**Dataset extract:**
----------
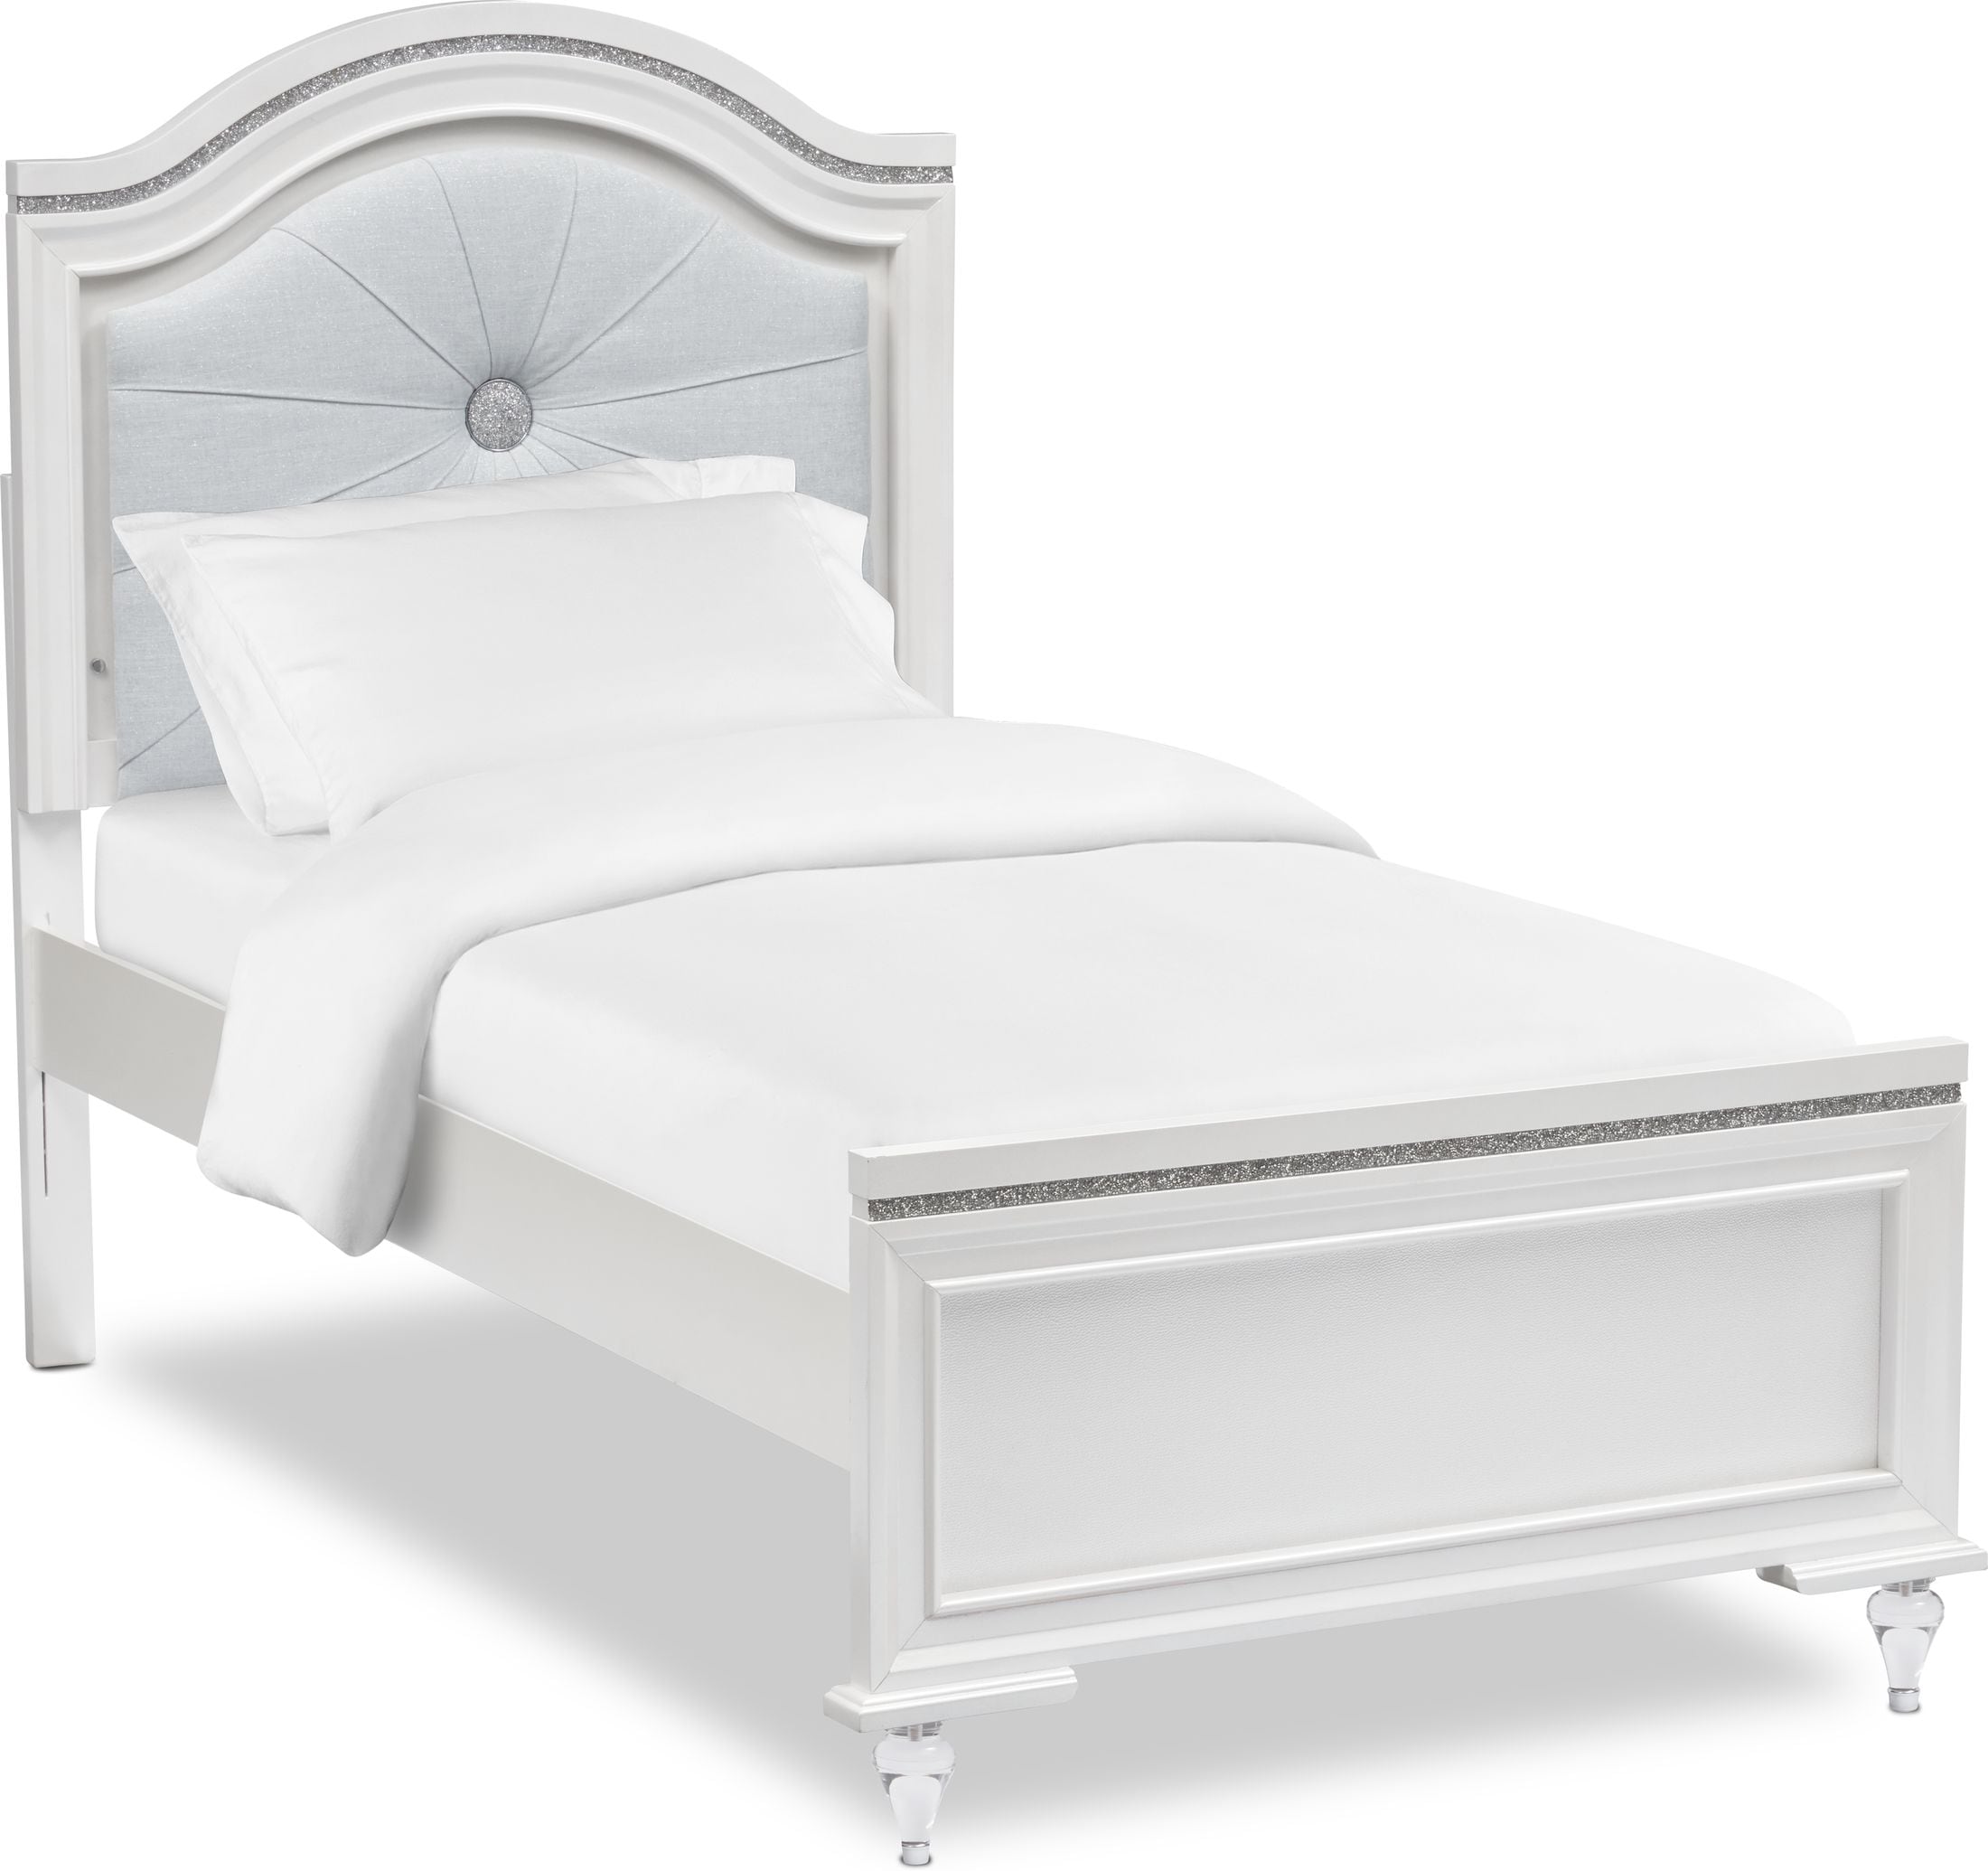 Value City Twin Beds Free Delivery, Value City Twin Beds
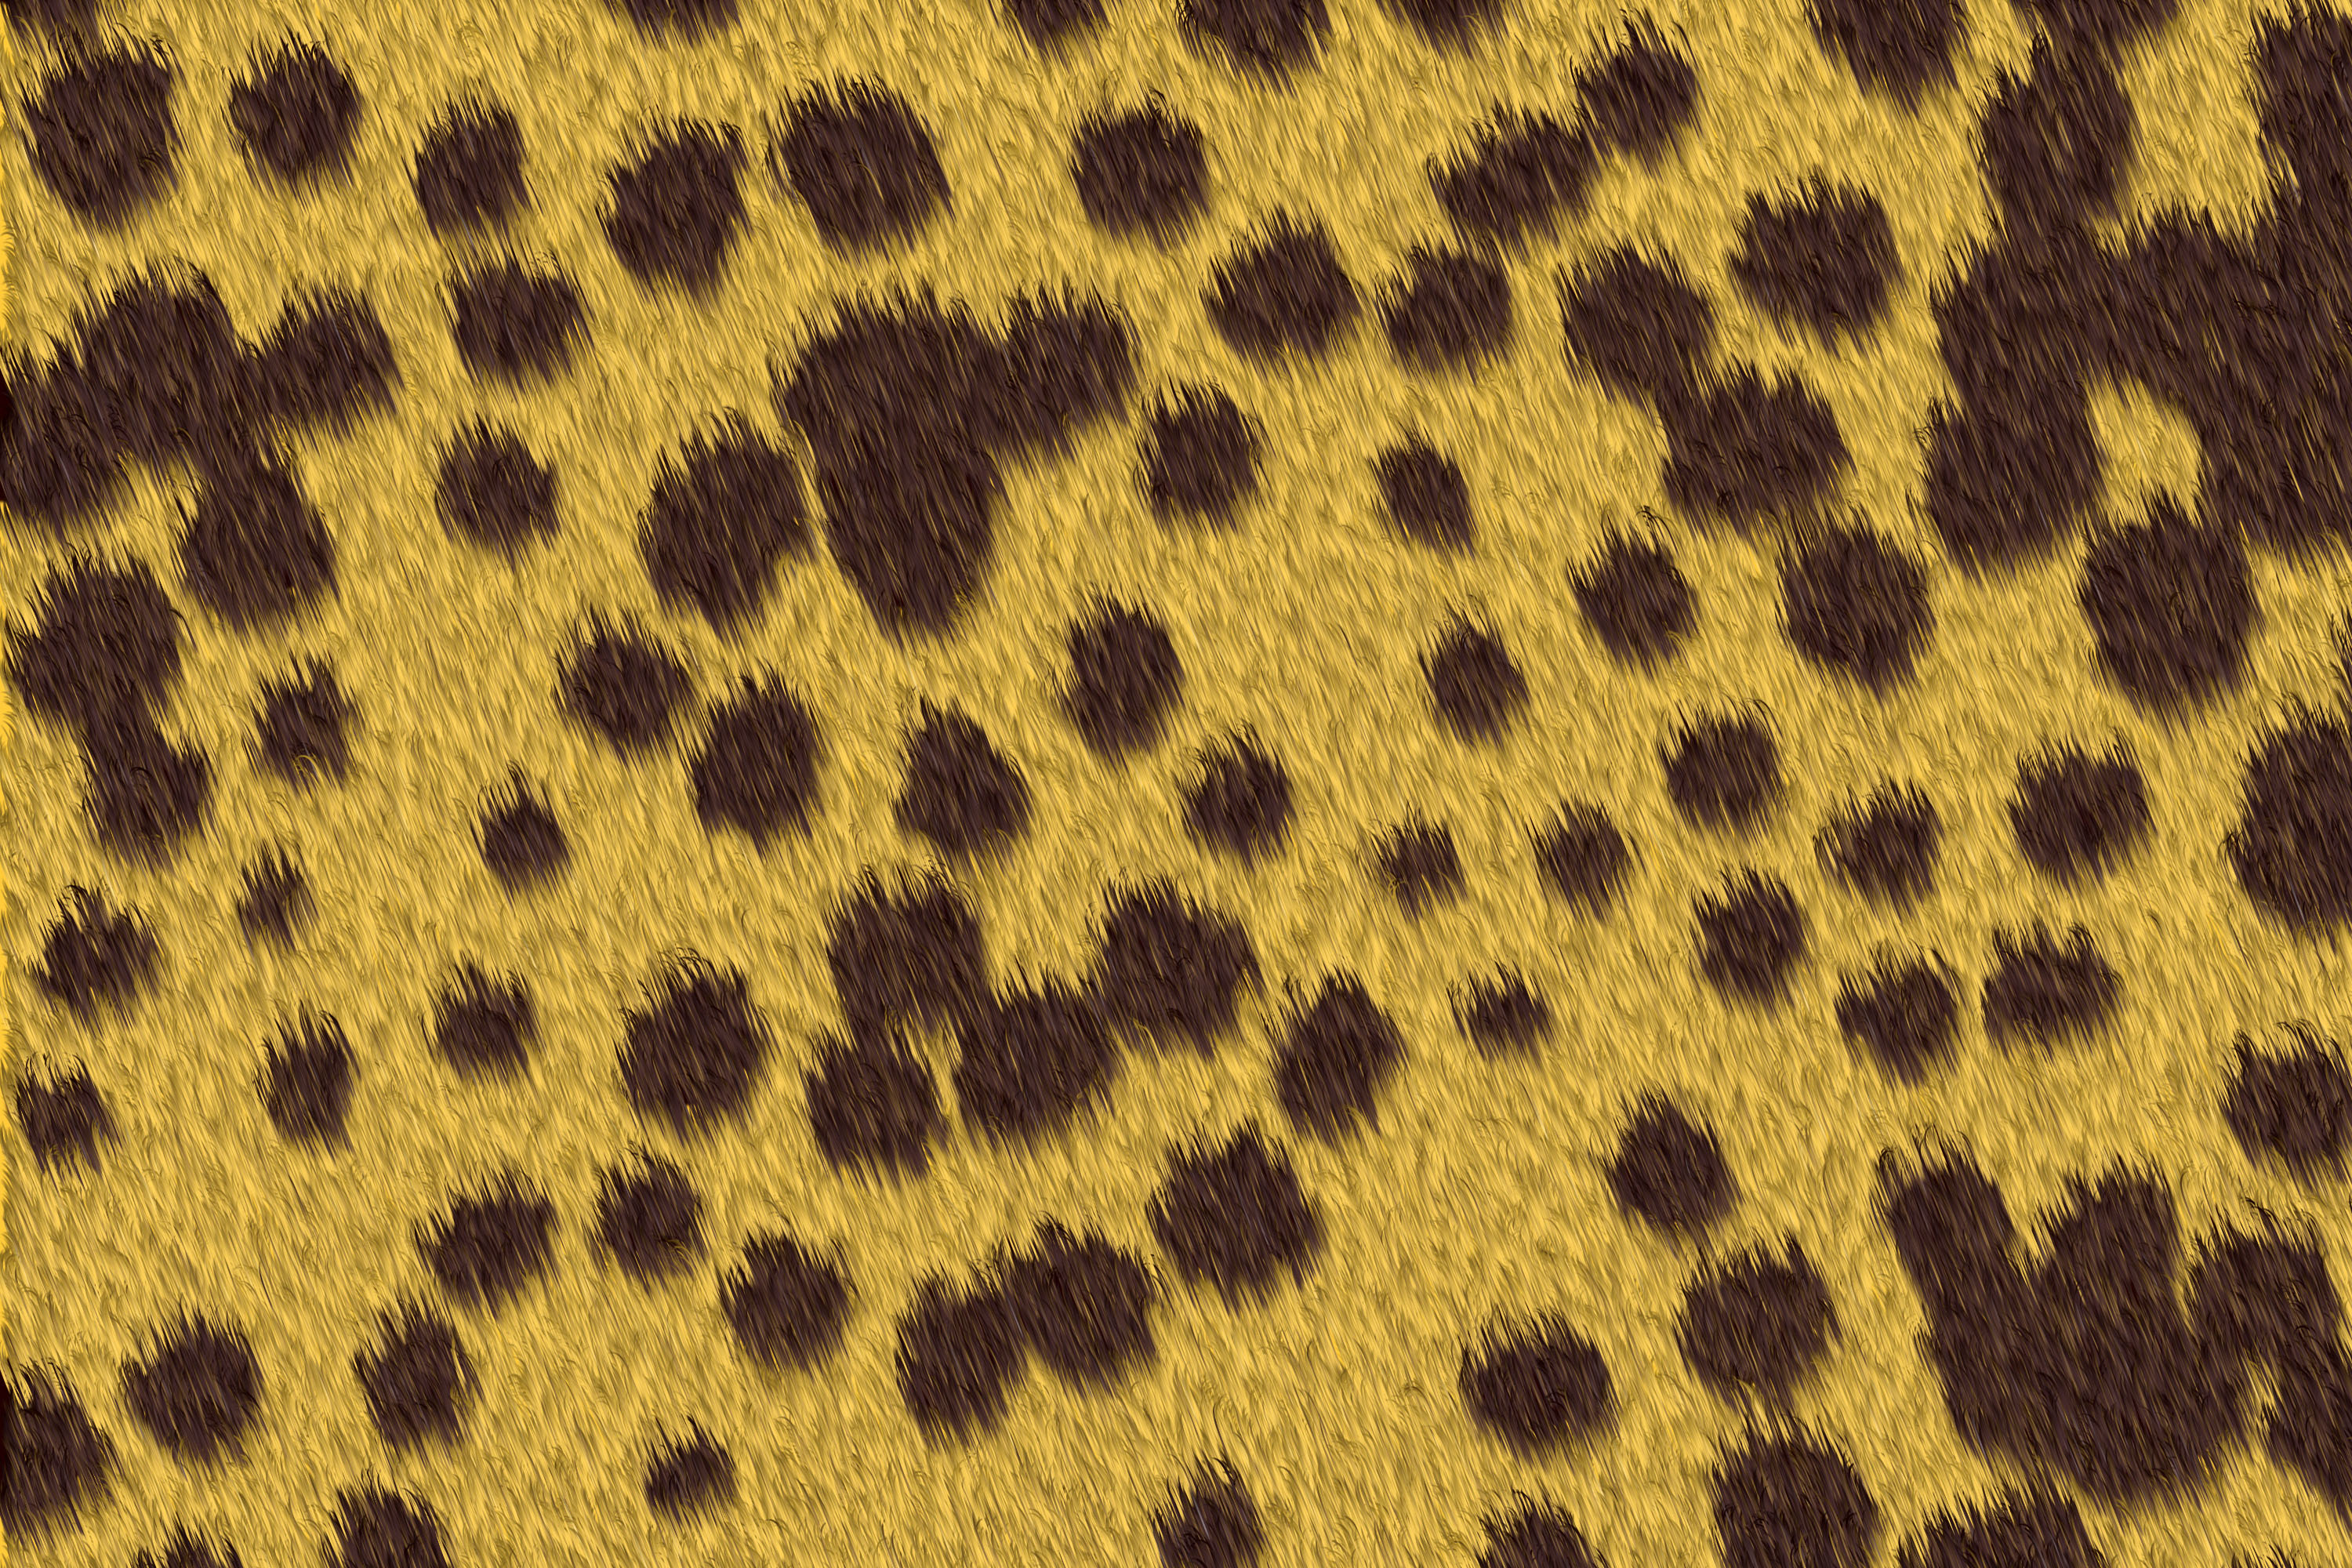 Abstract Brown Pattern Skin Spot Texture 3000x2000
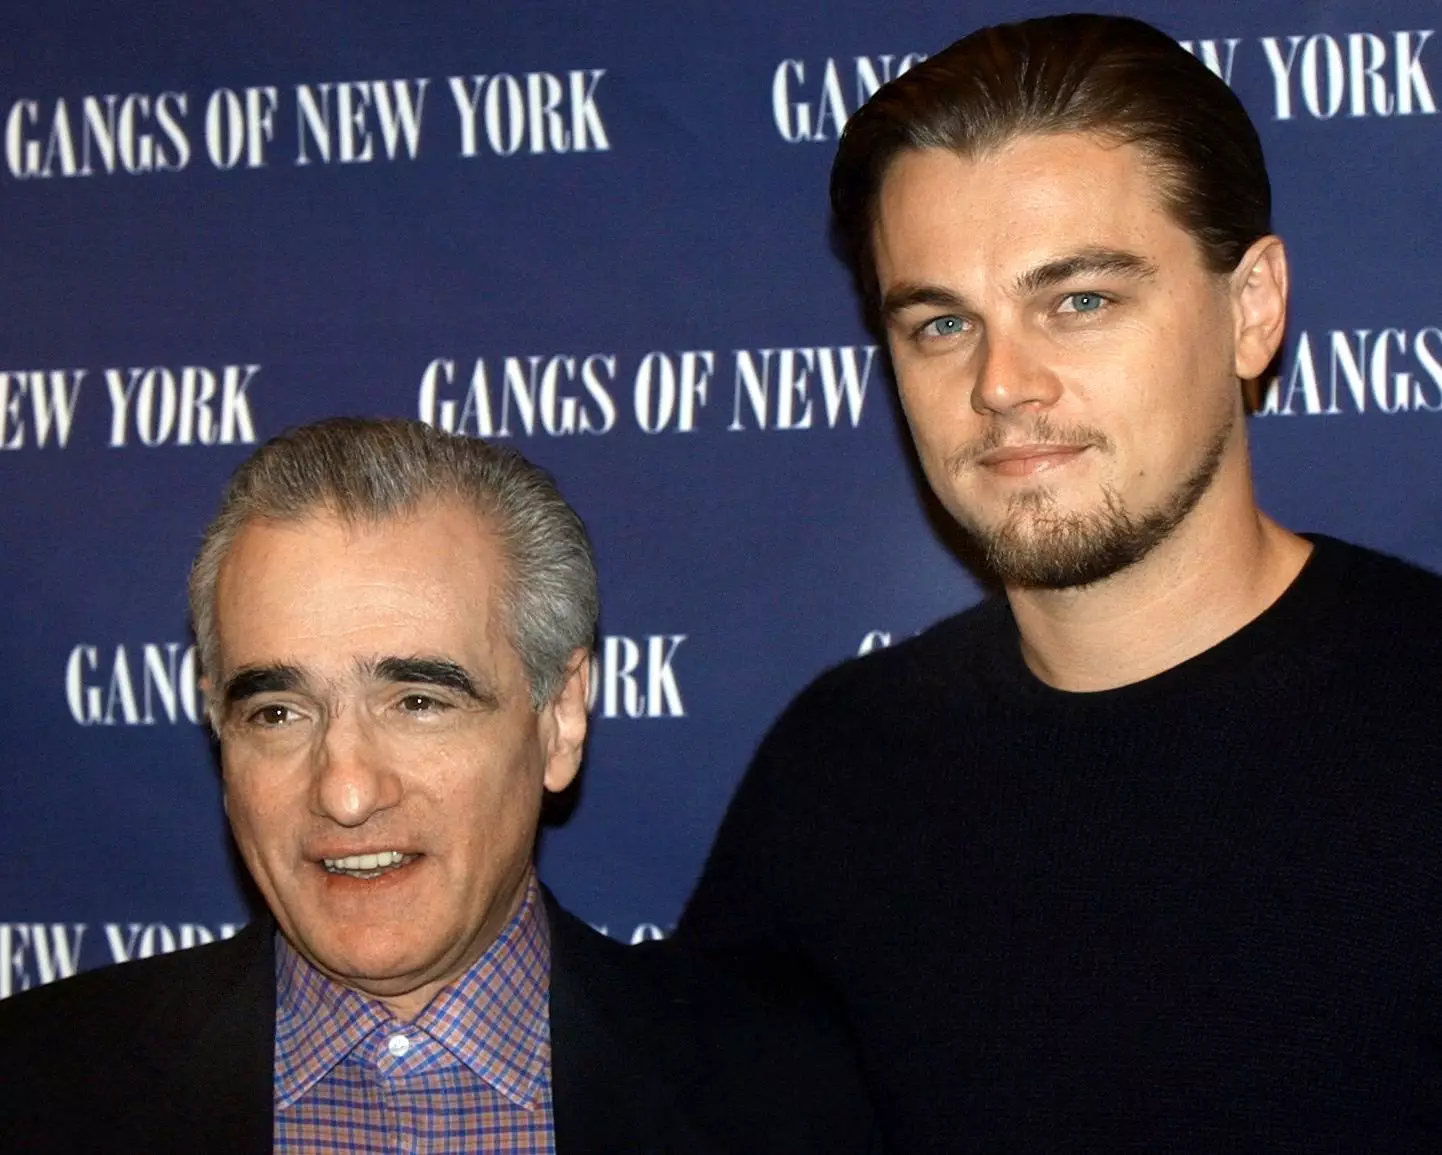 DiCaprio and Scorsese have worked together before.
----------
**Task description:** The entire listing above, word for word and without pictures, is what should be output.

**Response area:**
 Value City Twin Beds Free Delivery, Value City Twin Beds
 Abstract Brown Pattern Skin Spot Texture 3000x2000
 DiCaprio and Scorsese have worked together before.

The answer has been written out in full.